Divorce debate should draw out the most sound public policy


    It is not a sound argument to say that just because the Philippines is today the only state in the world besides the Vatican that does not have a divorce law, Congress should move to pass the bill allowing divorce, or the dissolution of marriage.

    It is similarly not a justification to preserve the status quo of no divorce, just because the country has never had such a law since the beginning of the Republic.

    The issue should not be resolved or dismissed with just a simplistic examination of the present situation and real problems of married couples in Philippine society.

    The issue should not be abstracted from the reality.

    The thing to emphasize is that the Congress should seek the proper and most appropriate public policy for our society and for the nation. The benefits must be reckoned.

    There are many approaches and factors that should be considered.

    First, it is clear that there are many Filipino couples that need an efficacious way to end their marriage bonds, without suffering the costly and prolonged process that now prevails.

    The state should not help prolong the agony of a spouse who is abused physically, mentally and emotionally in the marriage, by preventing her from getting out of that bondage.

    Second, there is an existing process under the law through which a couple can turn in order to sever their marriage contract. The problem with that process for most couples that go through it is the length of time it takes to achieve its purpose. Thus, that process only needs a solution to such problem.

    Third, it is also undeniable that the legal and cultural difficulty of severing marriage in the country has served as one factor that has contributed to family cohesion and the proper rearing of children.

    Fourth, strong family bonds contribute enormously to the vitality and dynamism of the Philippine economy today. Family solidarity is partly the reason why the overseas Filipino workers (OFWs) program is such a major success, now contributing $30 billion dollars a year to the economy in terms of remittances.

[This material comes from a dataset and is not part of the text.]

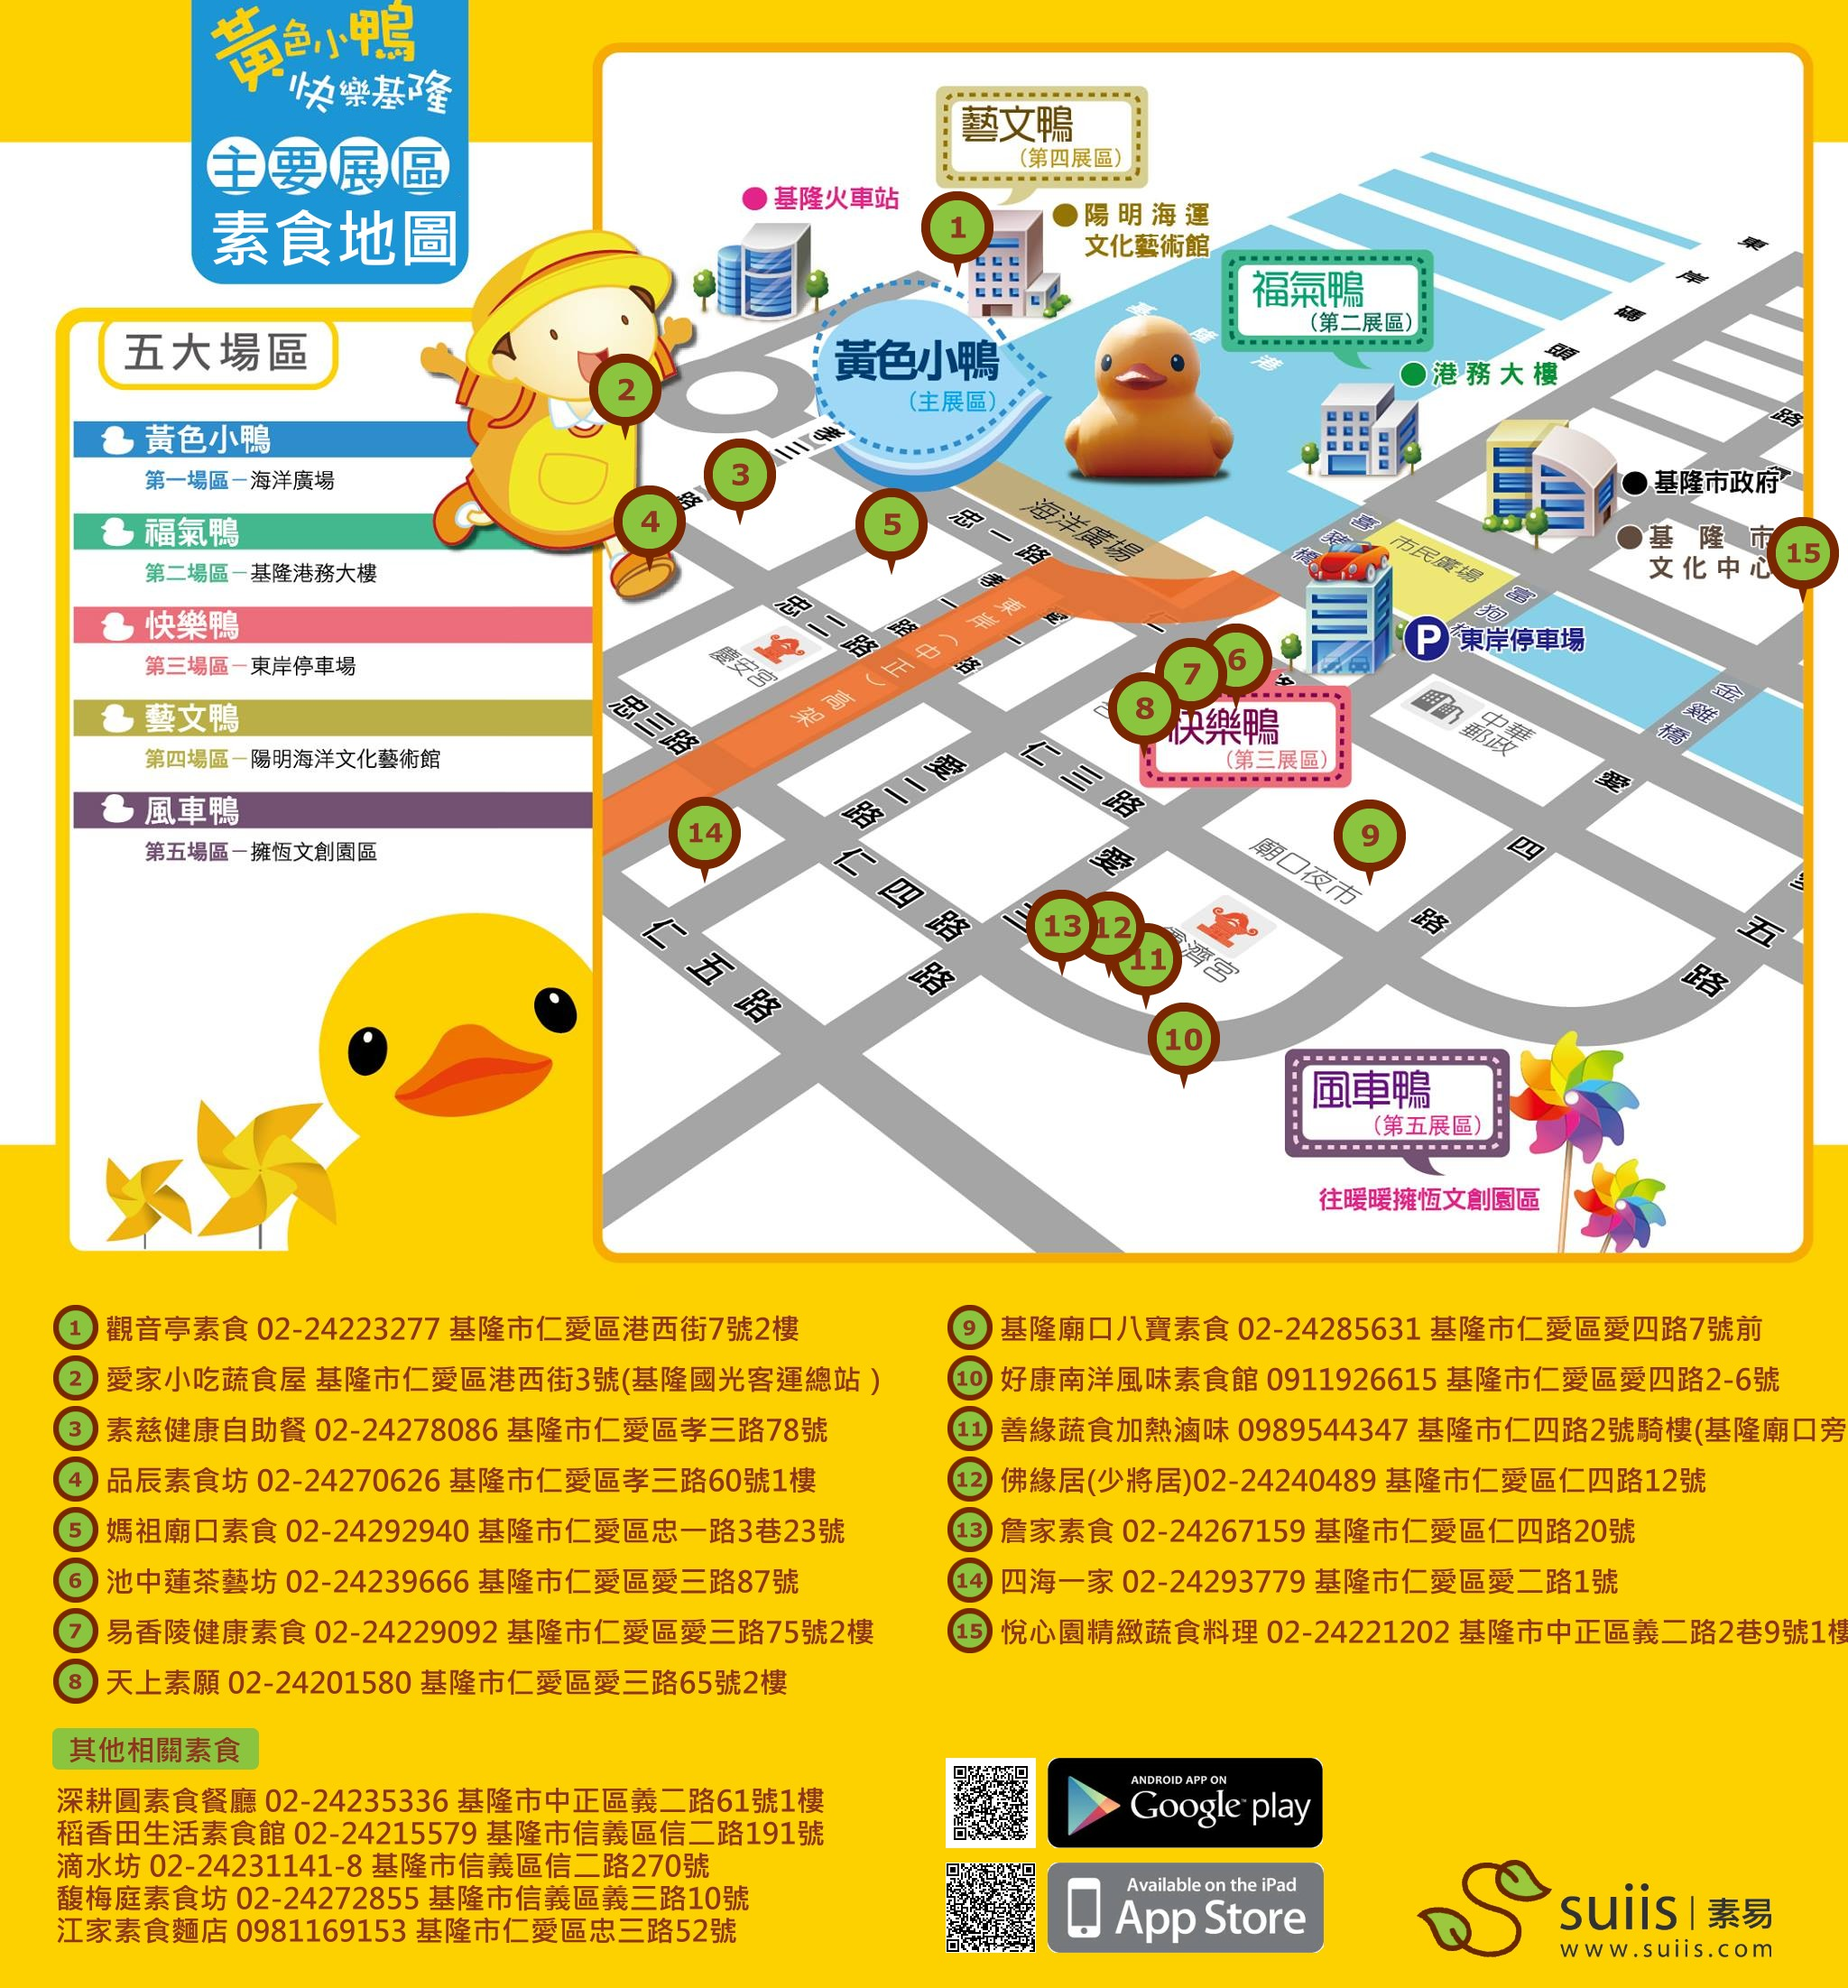 基隆黃色小鴨素食地圖:suiis素易

    Some legislators are energetically pushing the divorce legislation because they themselves seek to benefit from it in their personal lives. Others are interested because they believe an easy process in ending marriage is the direction where the whole world is going.

    Still others have valid grounds to seek divorce.

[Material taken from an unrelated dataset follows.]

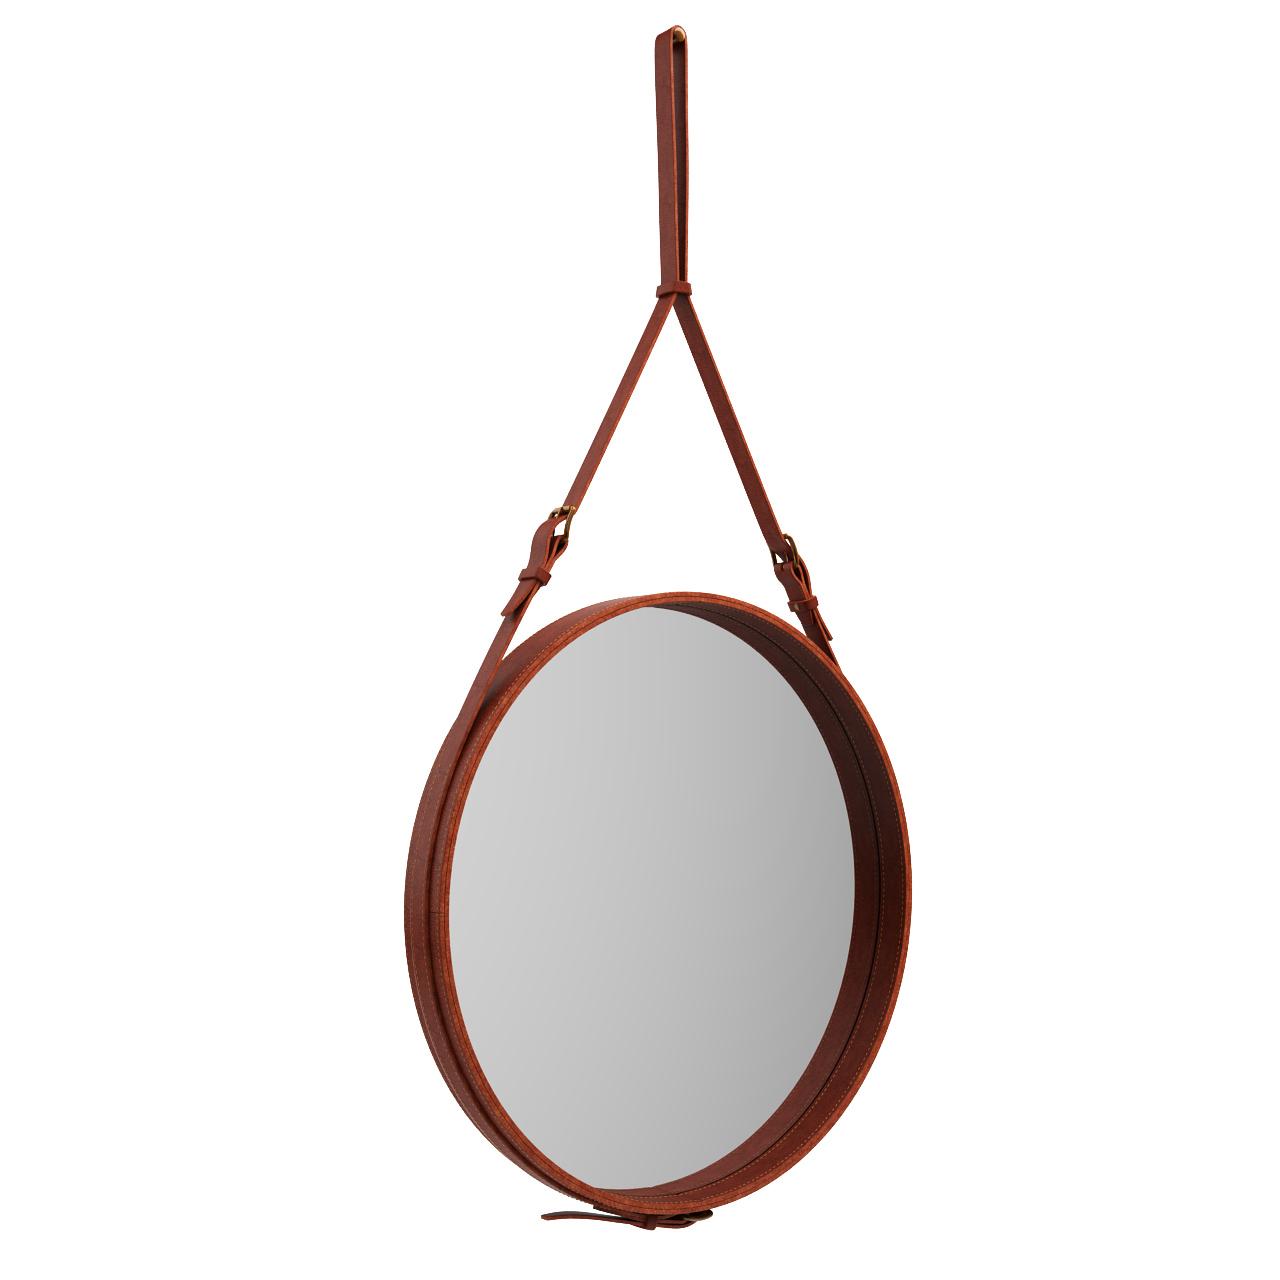 Adnet Mirror By Gubi Dimensiva

    There are also those who fear that by adopting the no-fault divorce policy of, say, the United States, we could be courting what is dysfunctional in American society. Filipinos could wind up treating a divorce court like a fast-food restaurant.

    All these arguments deserve hearing and study.

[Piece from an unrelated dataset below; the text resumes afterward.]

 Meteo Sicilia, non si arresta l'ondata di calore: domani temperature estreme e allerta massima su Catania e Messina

    And so does the argument by Senate President Aquilino Pimentel 3rd that perhaps the best solution may be to make annulment less stringent, speedier and more affordable.

    This merits study, because if thoughtfully legislated, the country could benefit: 1) from the longer commitment of couples to their marriages and families; 2) the affirmation of the stability of Filipino families; 3) the provision of relief for couples whose relationships are hopeless; 4) the cultural benefits that would accrue to the young and rising Filipino generations.

    Divorce should be examined and debated along a wide spectrum of concerns and issues, and should not be rushed just because of pressure from the House Speaker who sponsored it. His personal circumstances should not figure in the discussions of the merits of the bill.

    The way to achieve good public policy is through an informed, considerate decision that is supported by the majority of the people.